Retype the following data exactly, but leave its pictures out.

» **Source material**:
______________________________
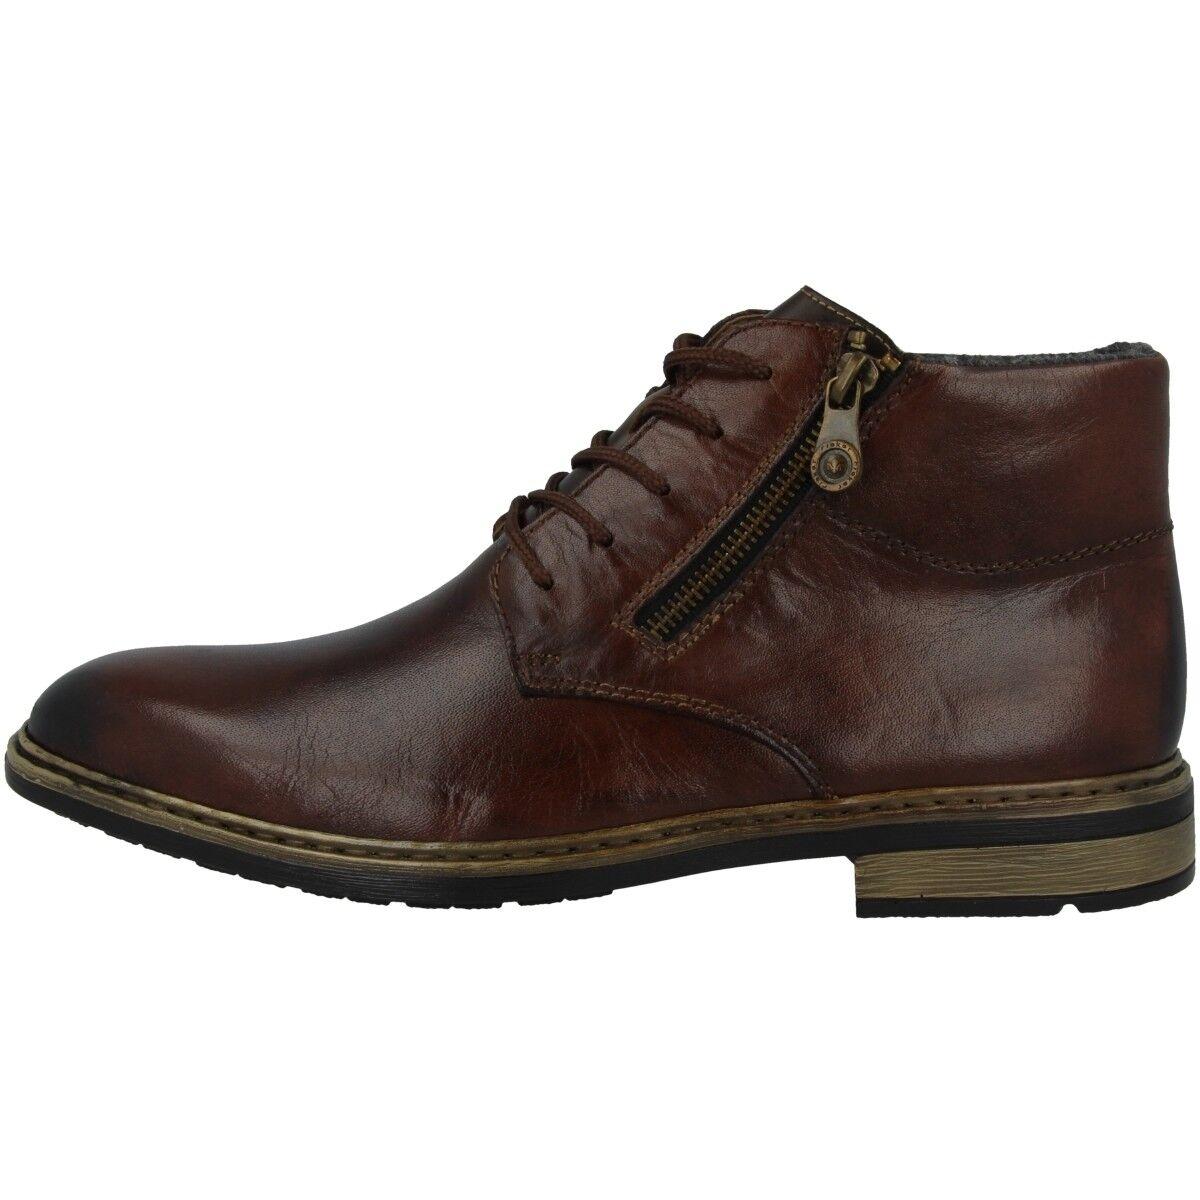 Rieker Nobel shoes men Anti-stress Stivali Bassi Lacci brown F1233-25
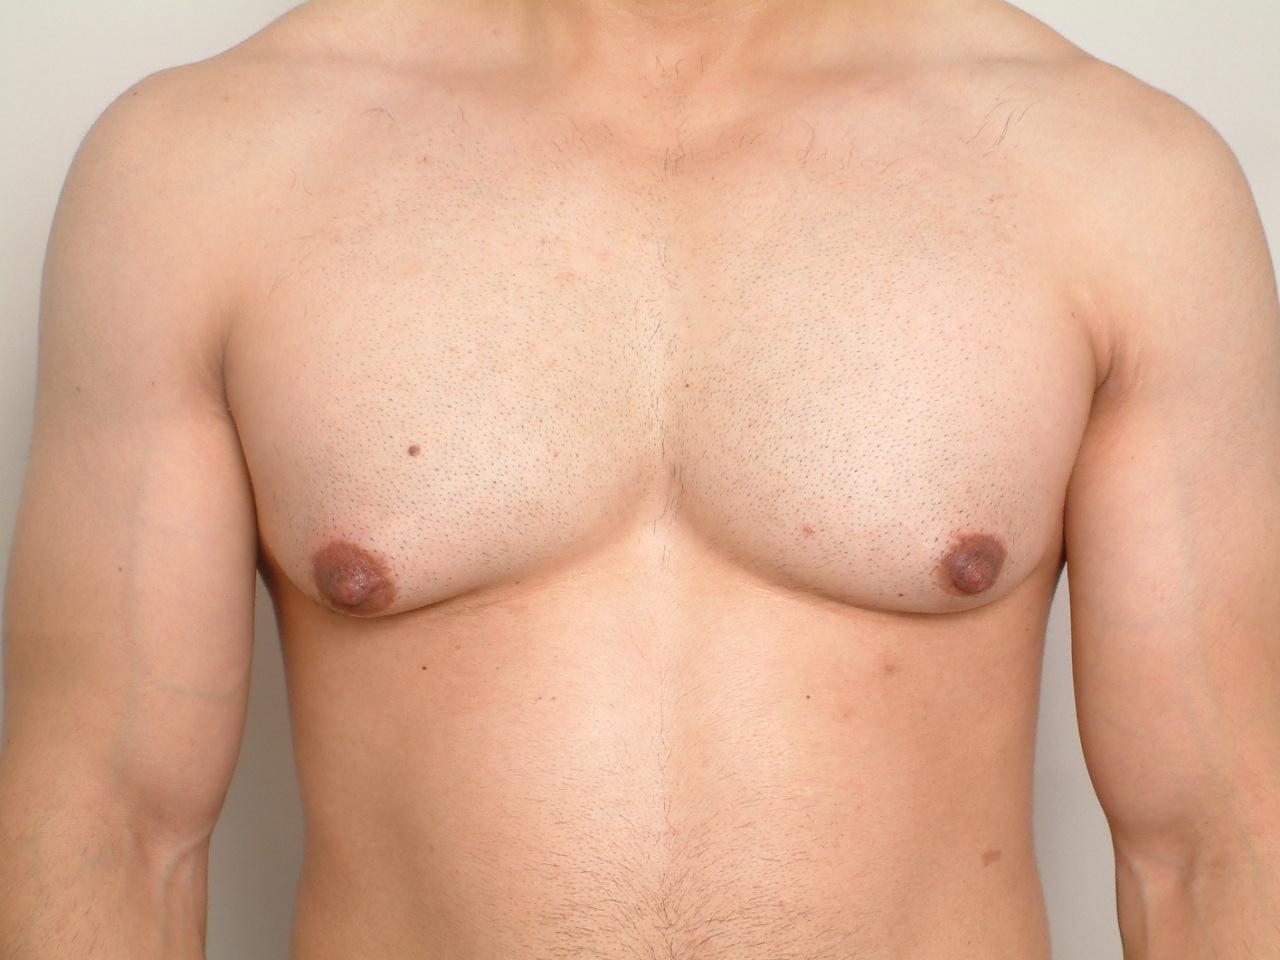 male gynecomastia, Gynecomastia
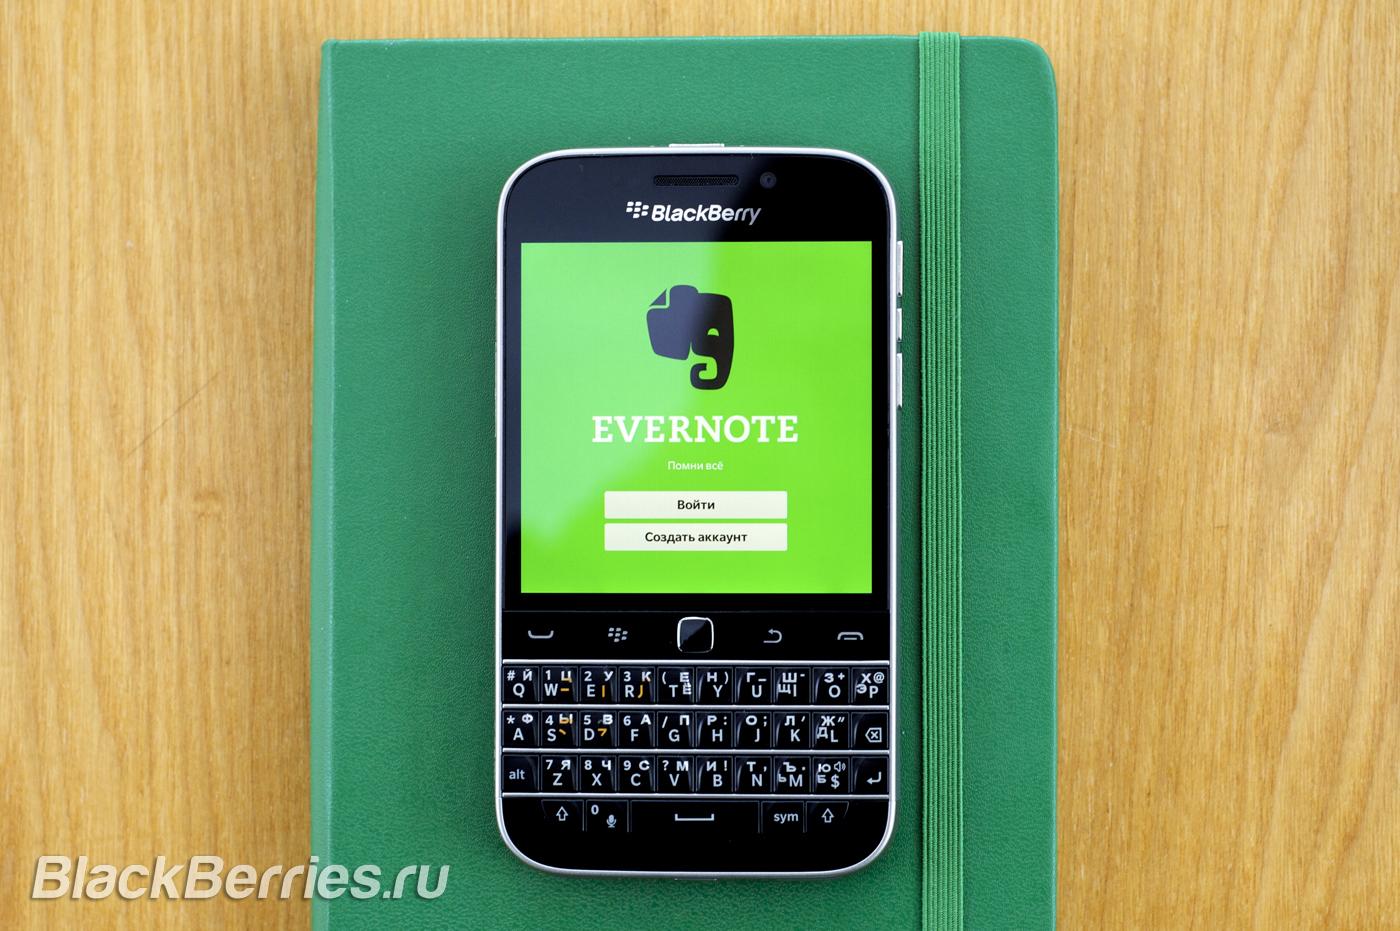 BlackBerry-Classic-Evernote
______________________________
» **Response below**:
 Rieker Nobel shoes men Anti-stress Stivali Bassi Lacci brown F1233-25
 male gynecomastia, Gynecomastia
 BlackBerry-Classic-Evernote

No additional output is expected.